No matter where you go in freshwater, north or south, you are bound to find largemouth bass.

But no lake in the state has the history of Okeechobee. Fed by a constant supply of fresh water from the Kissimmee River and blessed with ample aquatic vegetation, the lake has always been the standard by which all other Florida lakes have been judged.

Lake Okeechobee always has been known for producing trophy bass. And while a 10-pound largemouth might be every angler's dream, most folks would be satisfied with one or two half that size. Finish the day with one 5-pound bass, or five 1-pound bass for that matter, you should consider yourself lucky.

Many believe that Florida's largemouth bass is a distinct species; others think it merely a subspecies.
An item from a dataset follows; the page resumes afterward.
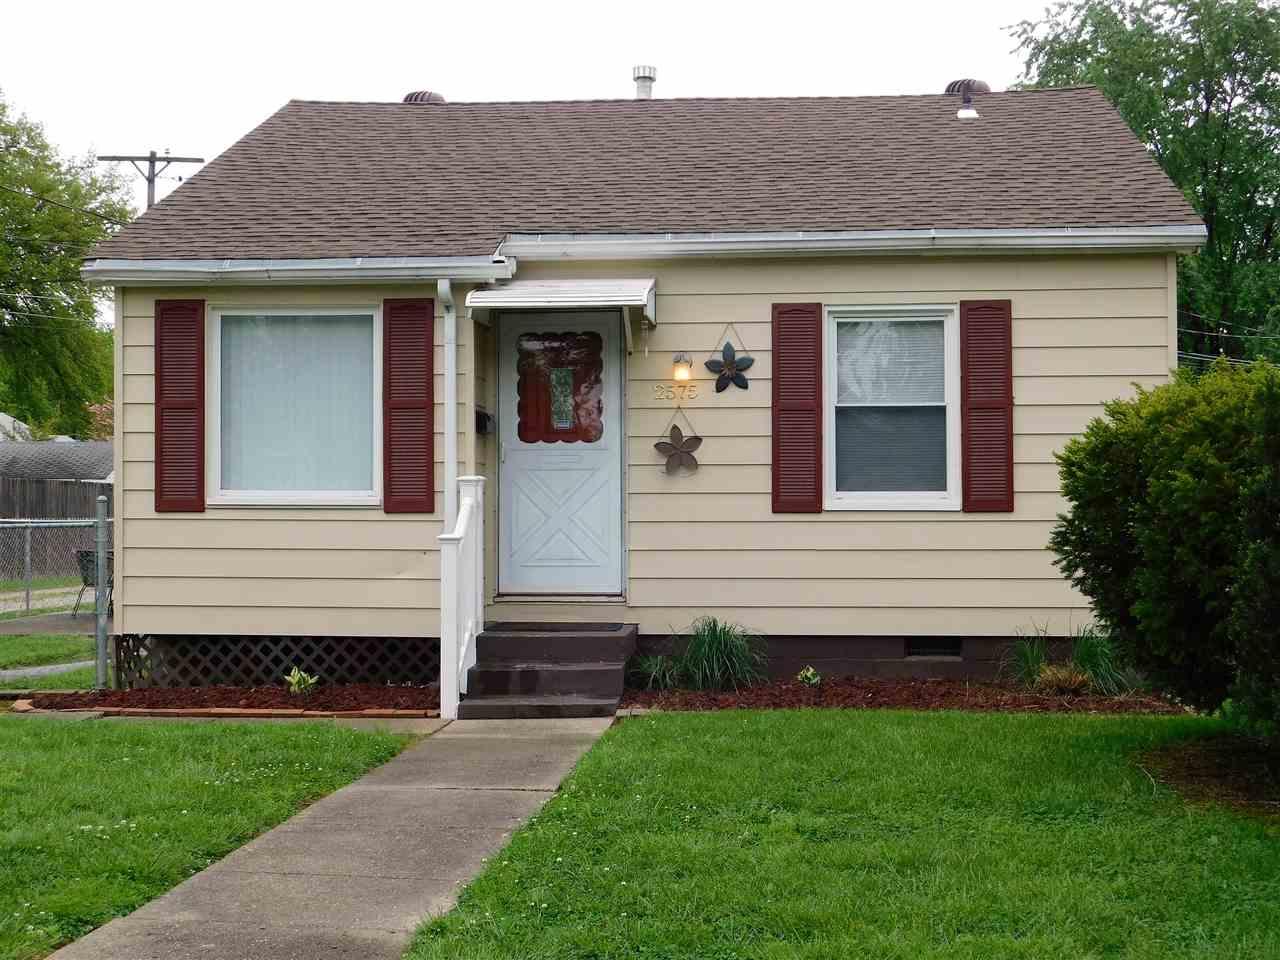 2575 N Longworth Court, Evansville, IN 47711
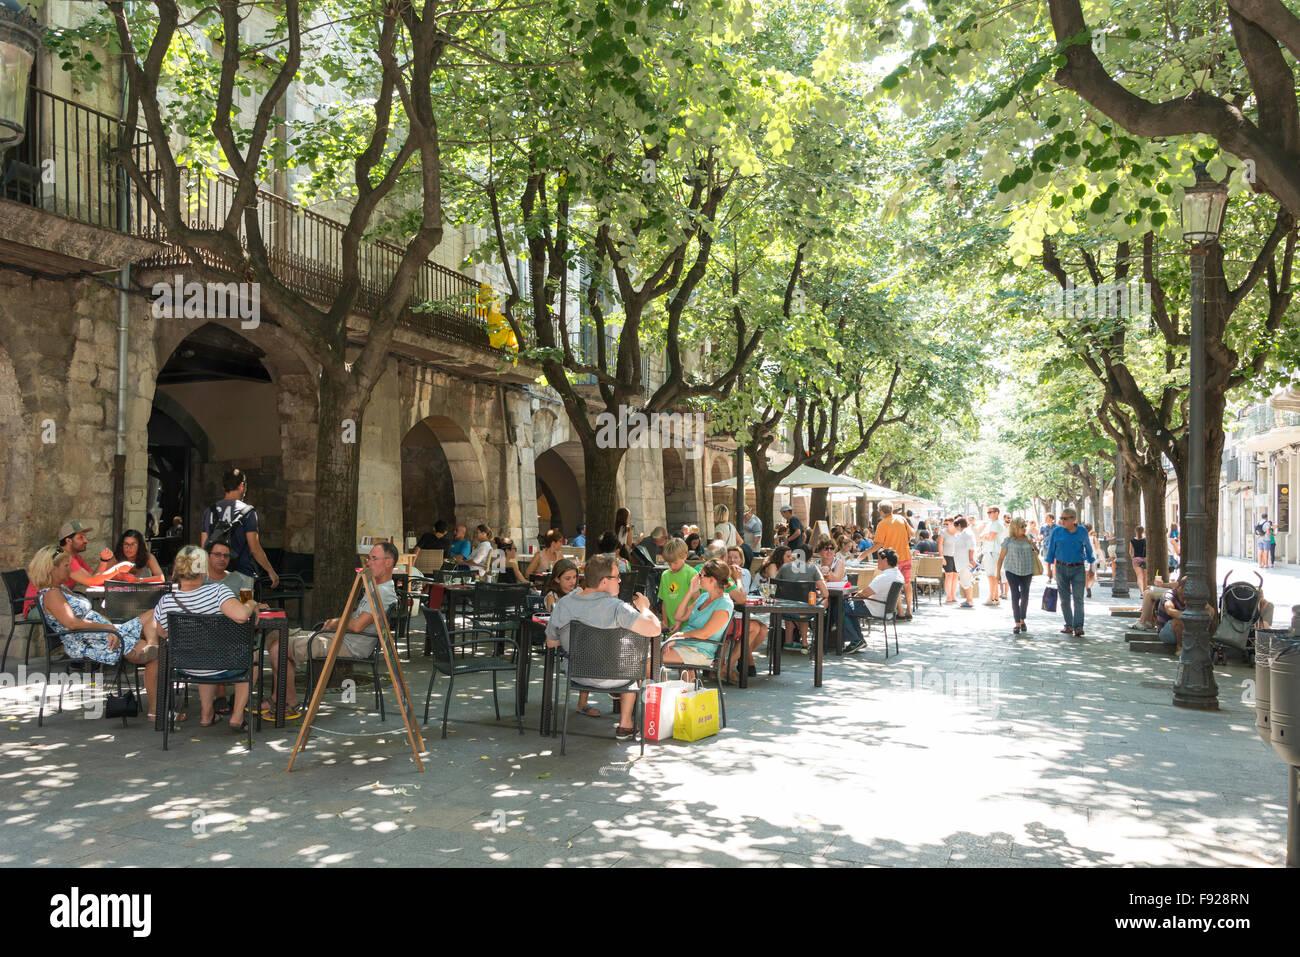 La Rambla de la Llibertat, Old Town, Girona (Gerona), Province of Girona, Catalonia, Spain - Stock Image

But the debate is academic. No one disputes that Florida's fish grow bigger and fatter than any other species of bass. One reason is a year-round growing season; warm water and ample vegetation make for big bass.

Micropterus salmoides floridanus were once found only on the Florida peninsula, but they have since been introduced in Texas, California and as far away as Japan. Females live longer than males and are more likely to reach trophy size. Most conservation-minded anglers release large, breeding fish. 

But you don’t have to be a professional bass fisherman to catch trophy-sized fish. With a little advice, anglers can swing by their nearest sporting goods store, stock up on some artificial lures and learn to fish like a veteran of the professional tournament trail.

Spring is the best time to fish for the legendary Florida bucketmouth. The live bait of choice for most anglers is the golden shiner, fished under a cork. When it comes to artificial lures, the weedless, or Texas-rigged, plastic worm is the most popular. Jerk worms, spinner baits, crank baits and topwater plugs will also work under a variety of conditions.

A simple spinning outfit rigged with 12- to 15-pound test line will work in most Florida lakes. Bass typically hang around structures such as grass beds or submerged logs, so you'll need a sturdy outfit to keep from losing fish.